▶ What to produce:
Only the lines from the one containing "Sofá Brooks (3plazas), Tapizado: poliéster" to the end of the data below belong in the answer, each repeated exactly; no pictures.

▶ Supplied information:

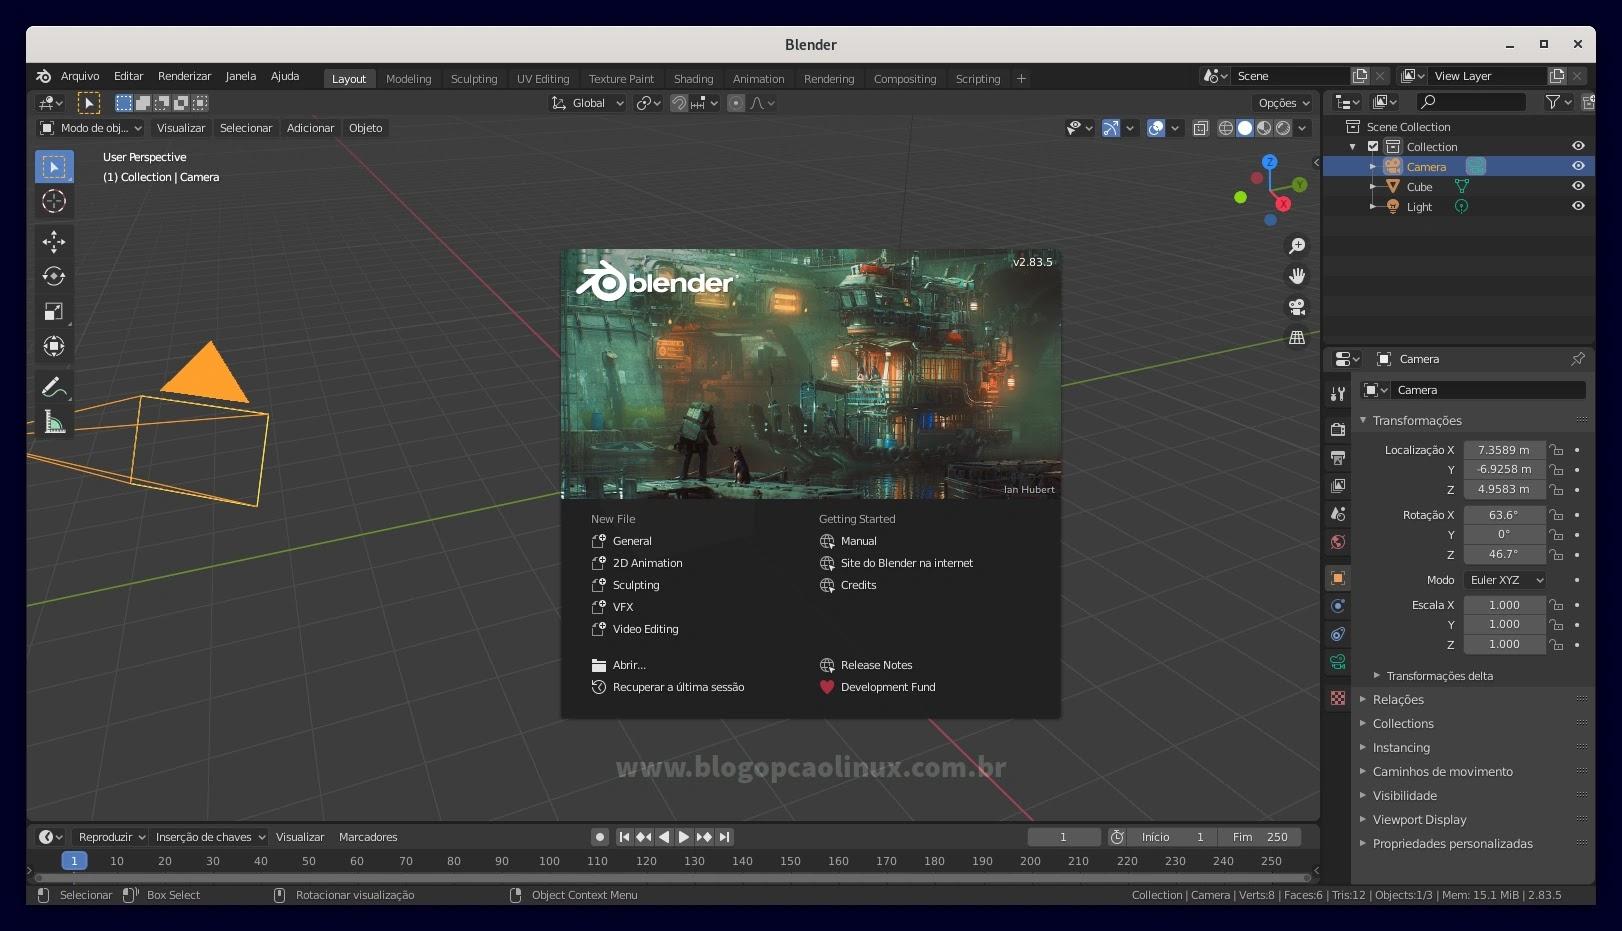 Blender executando no Debian 11 Bullseye
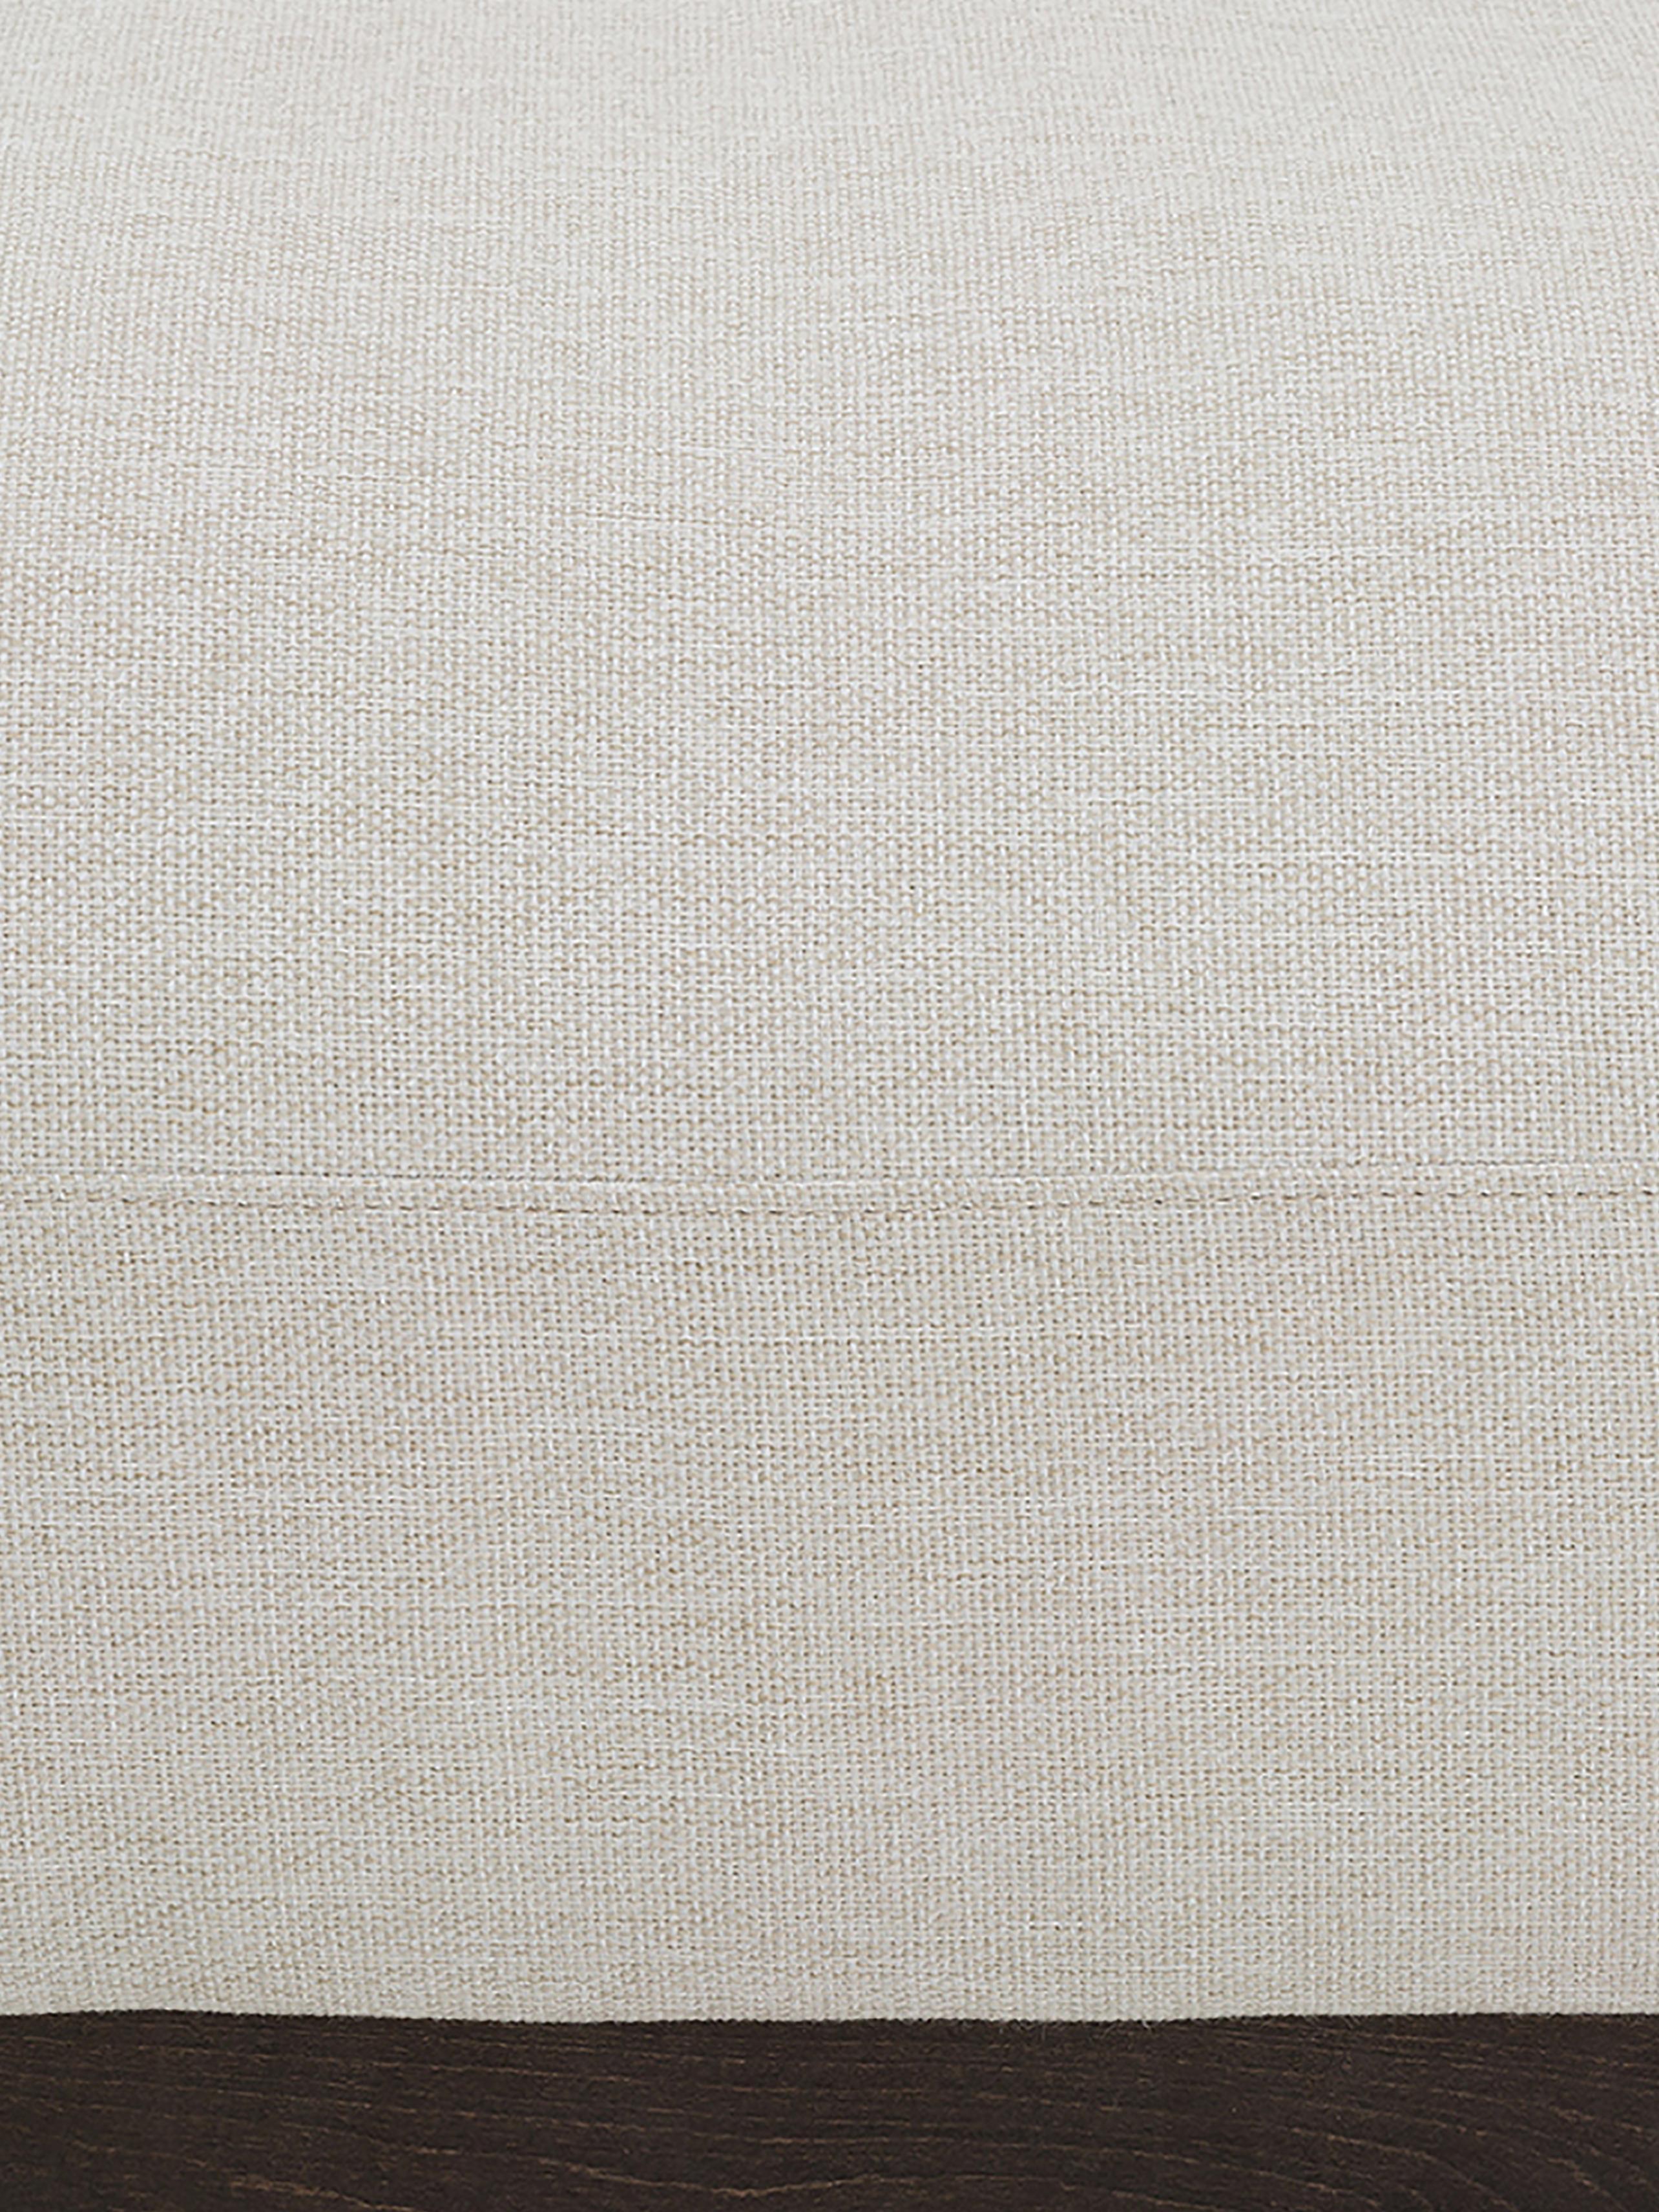 Sofá Brooks (3plazas), Tapizado: poliéster 35.000ciclos e, Estructura: madera de pino maciza, Patas: metal con pintura en polv, Correa: cuero genuino, Tejido beige, An 230 x F 98 cm
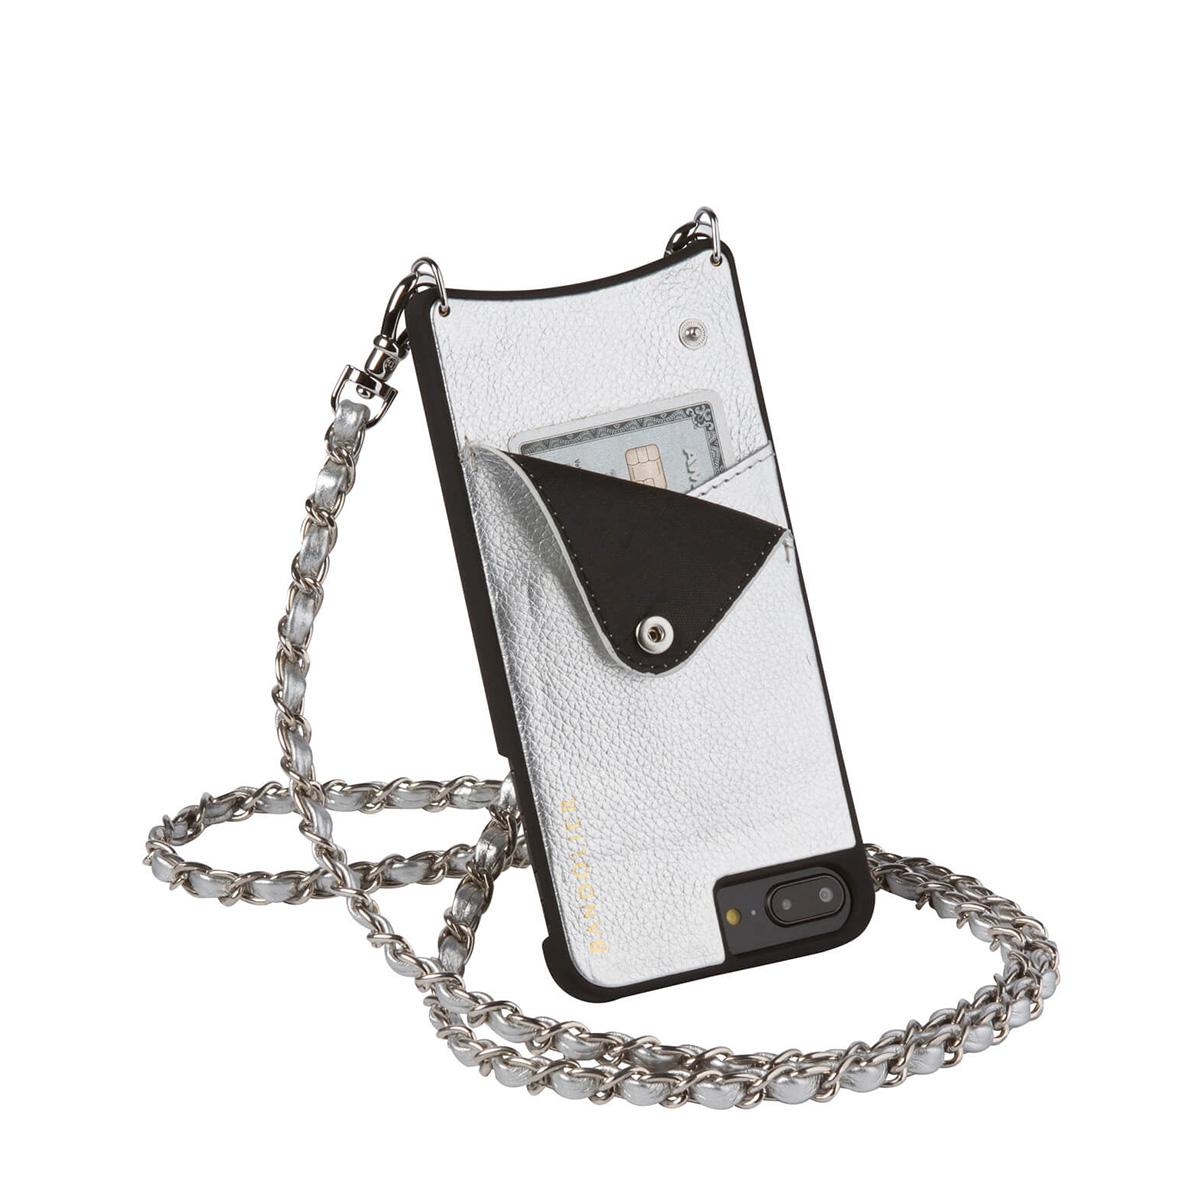 BANDOLIER iPhone8Plus iPhone7Plus 6sPlus LUCY RICH SILVER バンドリヤー ケース スマホ アイフォン プラス メンズ レディース [1811]

▶ Your response:
 Sofá Brooks (3plazas), Tapizado: poliéster 35.000ciclos e, Estructura: madera de pino maciza, Patas: metal con pintura en polv, Correa: cuero genuino, Tejido beige, An 230 x F 98 cm
 BANDOLIER iPhone8Plus iPhone7Plus 6sPlus LUCY RICH SILVER バンドリヤー ケース スマホ アイフォン プラス メンズ レディース [1811]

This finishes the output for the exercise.